The chief objection to this theory is that it is very difficult to believe that nobody would have seen this diabolical behaviour if it really occurred. I have no convincing explanation for this. There are different races of swallow in different parts of the world. It is known that the Spanish race differs from, for example, the British one, in certain respects. The Spanish race has not been subjected to the same degree of intensive observation as the British one, and I suppose it is just conceivable that fratricide occurs but has been overlooked.
My reason for suggesting such an improbable idea as the fratricide hypothesis here is that I want to make a general point. This is that the ruthless behaviour of a baby cuckoo is only an extreme case of what must go on in any family. Full brothers are more closely related to each other than a baby cuckoo is to its foster brothers, but the difference is only a matter of degree.
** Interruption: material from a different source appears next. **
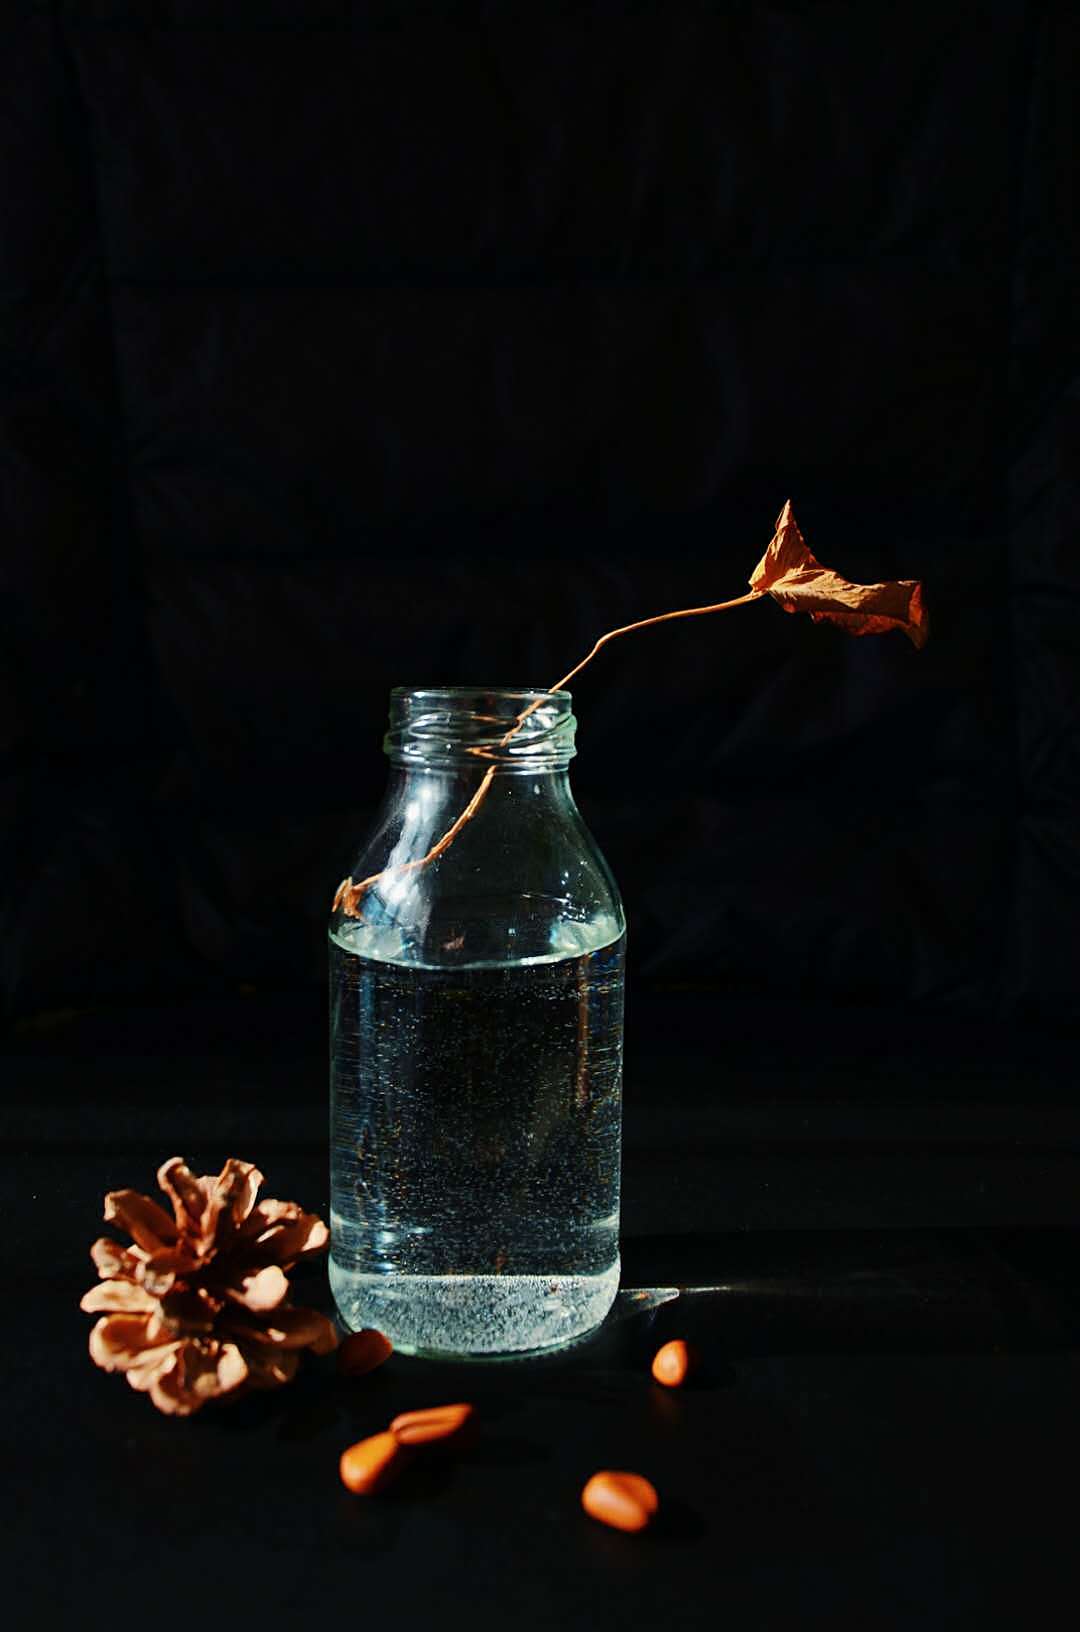 工艺玻璃瓶图片|工艺玻璃瓶样板图|工艺玻璃瓶效果图片_广州市荔湾区乾坤行工艺品经营部

Even if we cannot believe that outright fratricide could evolve, there must be numerous lesser examples of selfishness where the cost to the child, in the form of losses to his brothers and sisters, is outweighed, more than two to one, by the benefit to himself. In such cases, as in the example of weaning time, there is a real conflict of interest between parent and child.
Who is most likely to win this battle of the generations? R. D. Alexander has written an interesting paper in which he suggests that there is a general answer to this question. According to him the parent will always win. Now if this is the case, you have been wasting
your
time reading this chapter. If Alexander is right, much that is of interest follows. For instance, altruistic behaviour could evolve, not because of benefit to the genes of the individual himself, but solely because of benefit to his parents' genes. Parental manipulation, to use Alexander's term, becomes an alternative evolutionary cause of altruistic behaviour, independent of straightforward kin selection. It is therefore important that we examine Alexander's reasoning, and convince ourselves that we understand why he is wrong. This should really be done mathematically, but we are avoiding explicit use of mathematics in this book, and it is possible to give an intuitive idea of what is wrong with Alexander's thesis.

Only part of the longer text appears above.